A seguito di meticolose indagini, decine di catanesi, in gran parte giovani o giovanissimi, vengono prima incarcerati, poi mandati al confino alle Tremiti fino allo scoppio della guerra, in due casermoni sull’isola di San Domino. Tornati a Catania, cercheranno di dimenticare e far dimenticare ciò che hanno vissuto. Pochissimi di loro, a distanza di decenni, hanno accettato di raccontarlo.
A partire da queste testimonianze e da fonti d’archivio, Goretti e Giartosio ricostruiscono un mondo che sembrava scomparso nel nulla.
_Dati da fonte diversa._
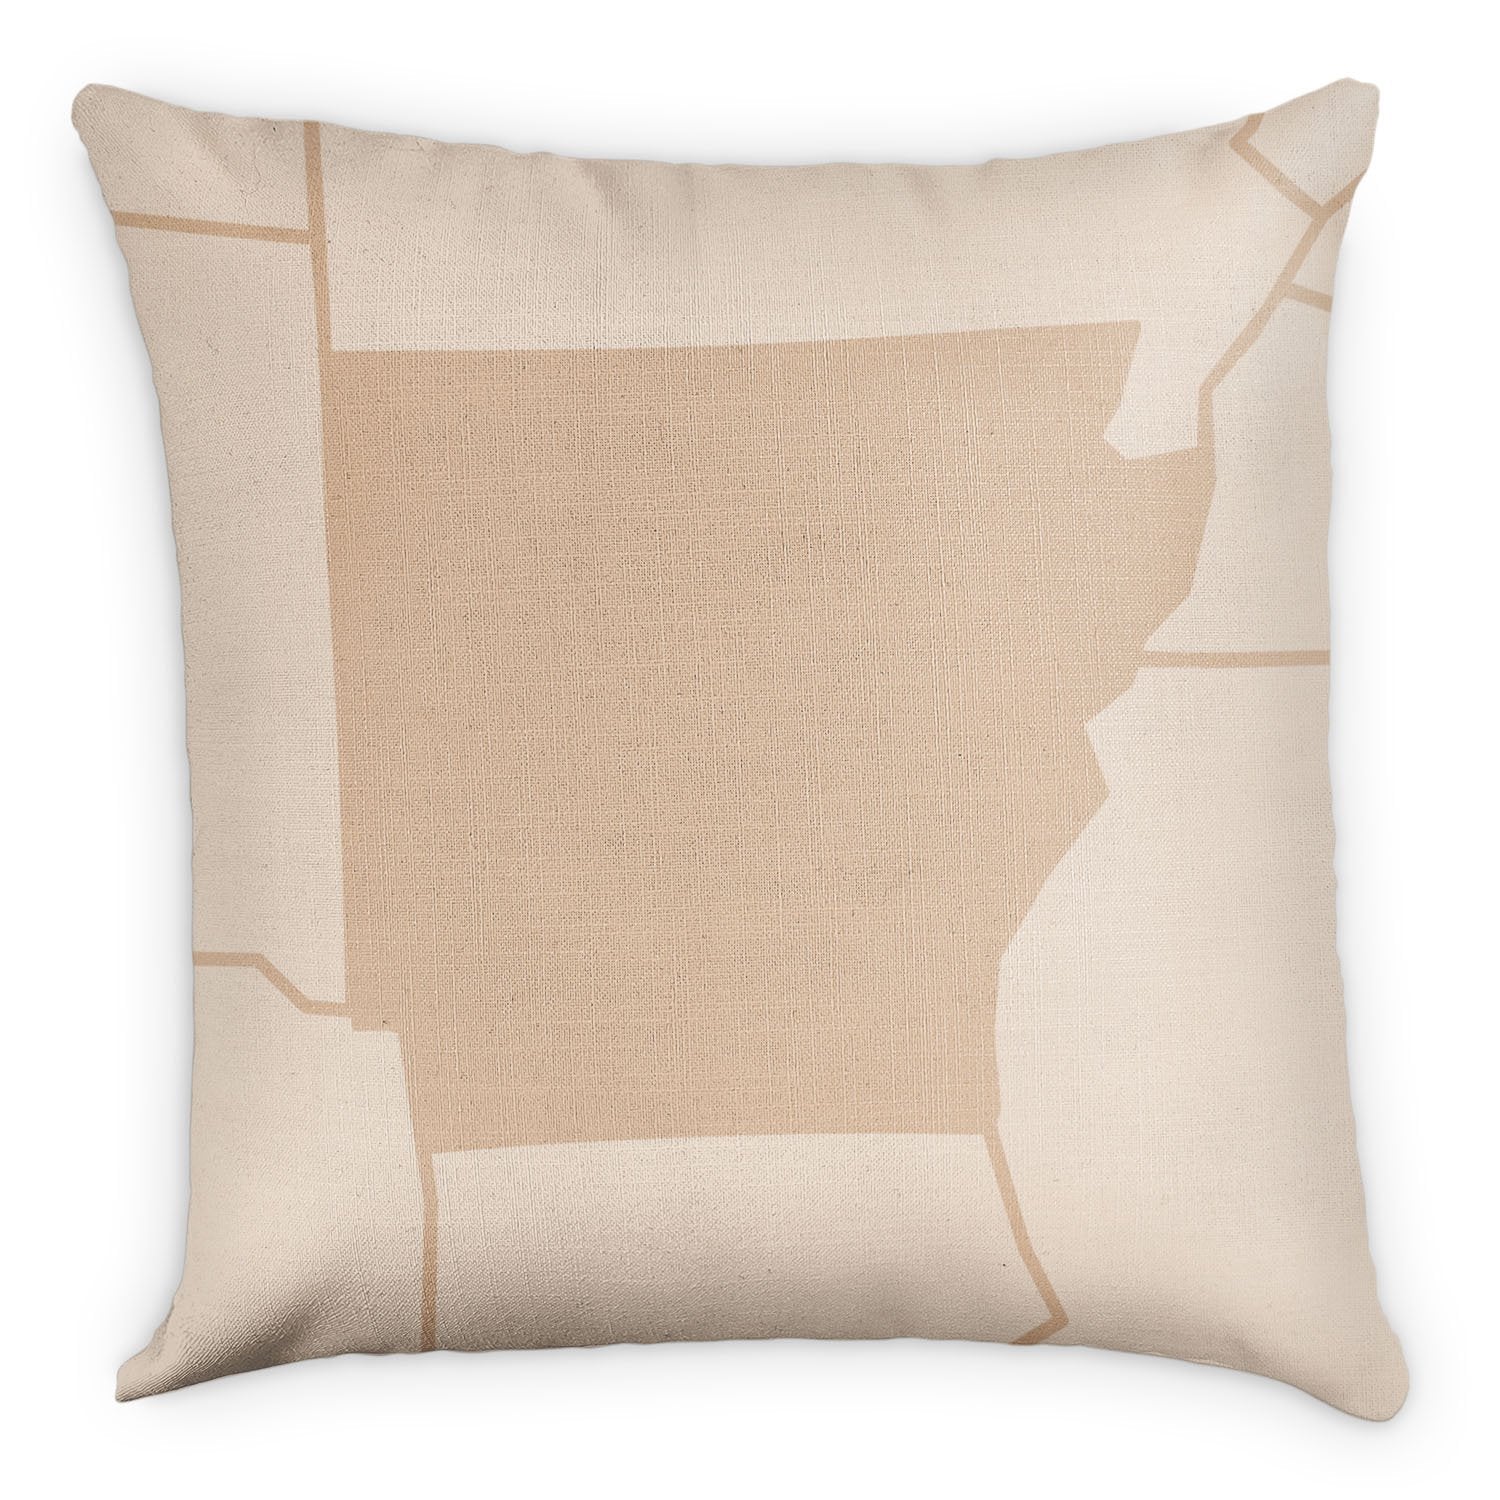 Arkansas Square Pillow - Linen -  - Knotty Tie Co.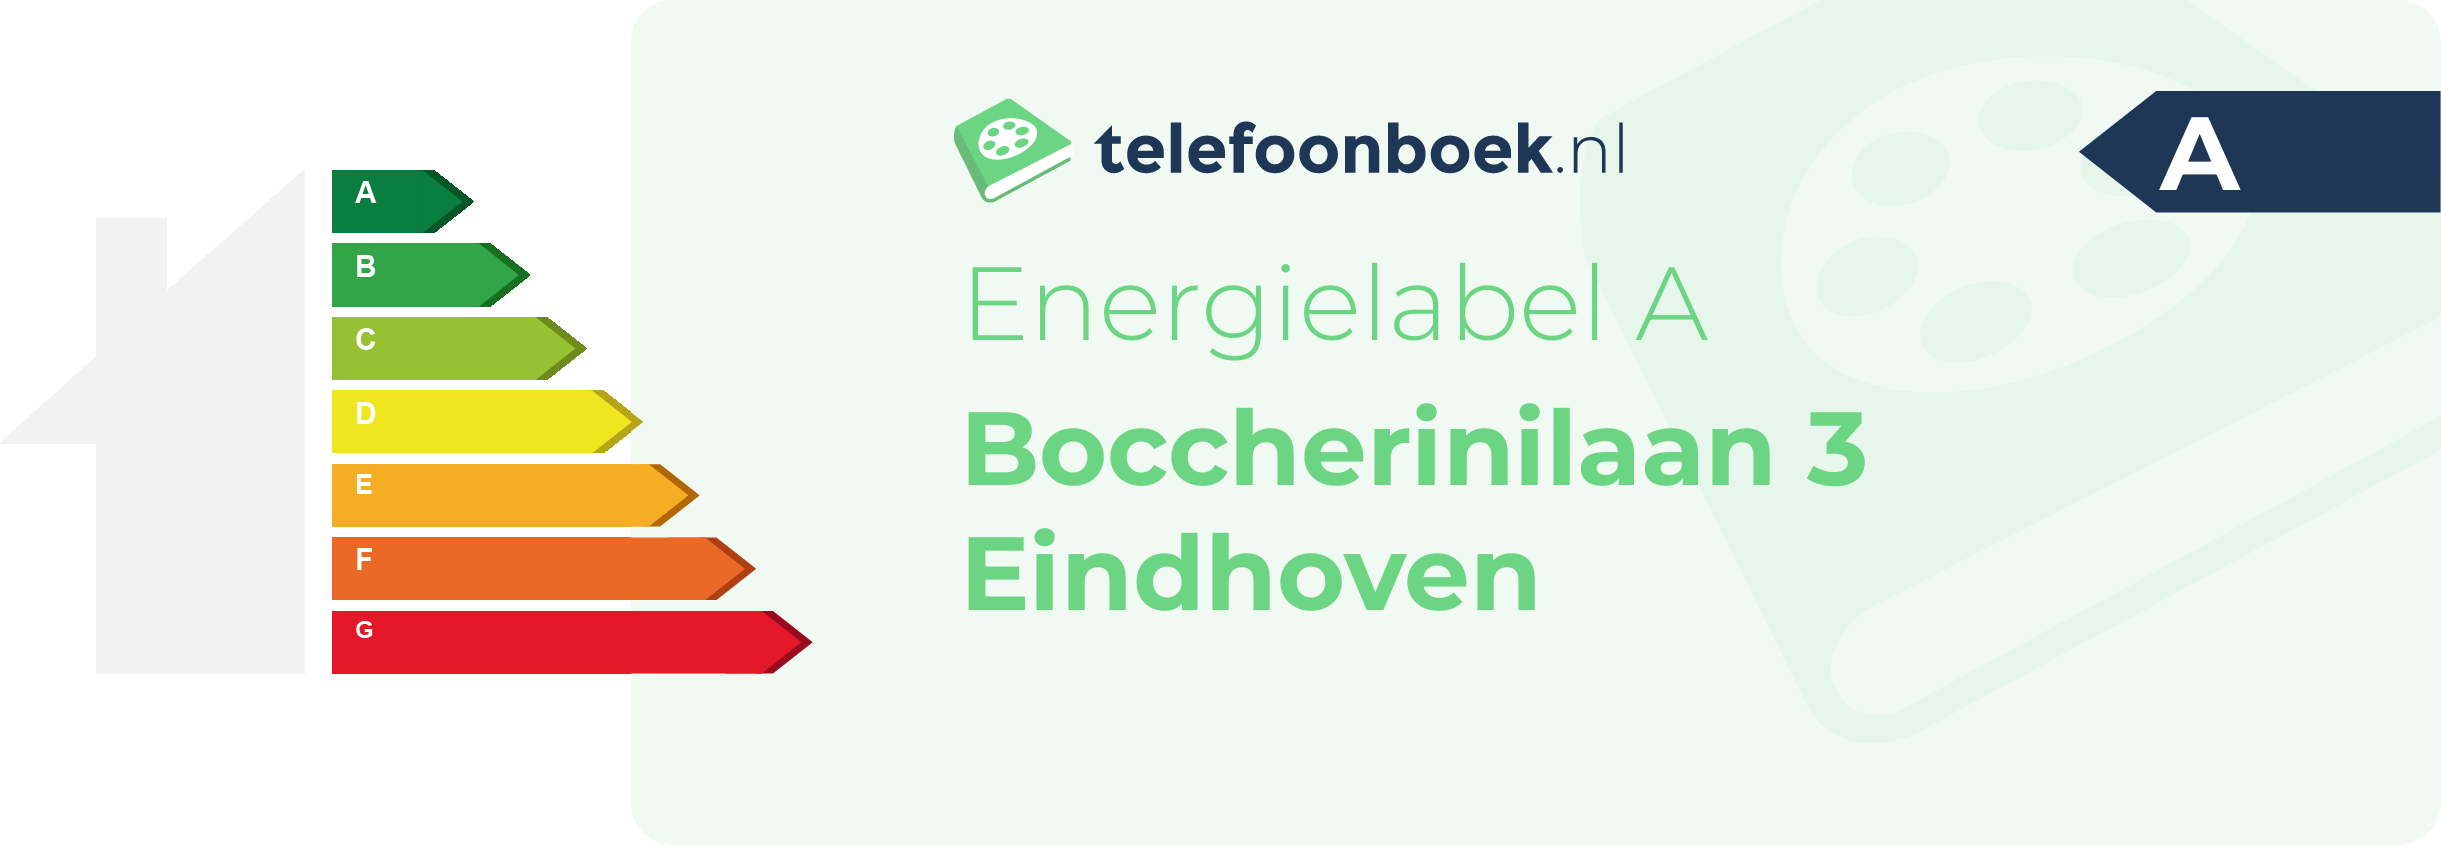 Energielabel Boccherinilaan 3 Eindhoven

Gli appuntamenti sulla spiaggia di notte, le sale da ballo per soli uomini, le complicità, le rivalità, i travestimenti, gli espedienti, la paura, l’amore. E poi, dopo l’arresto, gli stratagemmi messi in atto dalle famiglie, le situazioni paradossali della vita al confino, i tentativi quasi sempre vani di rivendicare la propria innocenza e guadagnarsi la libertà.
Il tutto nel contesto di un’Italia provinciale, tenera ma più spesso spietata, in cui l’omosessuale è schernito di giorno e cercato di notte da uomini che non si ritengono omosessuali. Un’Italia stregata dal fascismo, che all’indomani delle leggi razziali è deciso a reprimere qualsiasi minaccia all’«integrità della stirpe», e che colpirà, con il tacito consenso dei più, centinaia di «invertiti».
Indagine antropologica, riflessione sull’identità, appello alla memoria civile di un paese che facilmente dimentica, questo libro è prima di tutto una storia. La storia di un gruppo di ragazzi del Sud, vissuti in un’Italia diversa (ma non troppo) dalla nostra e puniti perché erano innocenti.

La città e l’isola è un bellissimo libro su una pagina poco raccontata della nostra storia: la condanna al confino di centinaia di omosessuali durante il fascismo, una violenza a lungo sottaciuta perché – inutile che ve lo dica – la liberazione per chi apparteneva alla comunità LGBTQIA+ è ancora in corso e nell’immediato dopoguerra non era proprio la priorità di questo Paese.
La strategia utilizzata per togliere di mezzo persone che si ritenevano un’offesa all’ideale machista fascista fu quella di renderle invisibili, a partire dall’eliminazione della legge che criminalizzava l’omosessualità: nell’Italia tutta Dio, Patria e Famiglia non potevano esistere maschi contaminati dalla femminilità. La città e l’isola è molto preciso nel delineare il collegamento tra omofobia e misoginia e quanto le vite di alcuni omosessuali mettessero in crisi il dualismo maschio-attivo/femmina-passivo.
Infatti, siamo ancora in un mondo dove la contrapposizione non è tanto tra eterosessualità e omosessualità, ma tra attivi e passivi: pensate allo sgomento di fronte a un maschio che è anche passivo. Inaudito! Così inaudito che è una stranezza anche per molti omosessuali, perché anche loro sono nati e cresciuti in un mondo di rigide distinzioni (tanto che trovano un’assurdità le conquiste dei movimenti LGBTQIA+).
La città e l’isola si concentra soprattutto sugli avvenimenti nella città di Catania, sui quali, grazie all’infelice solerzia del questore Alfonso Molina, abbiamo molte informazioni, che permettono sia di conoscere le storie dei confinati, sia di ricostruire la loro vita nella città siciliana. Spero che lo leggerete in tantu perché oggi più che mai è necessario tenere viva la memoria di tutti i crimini del fascismo.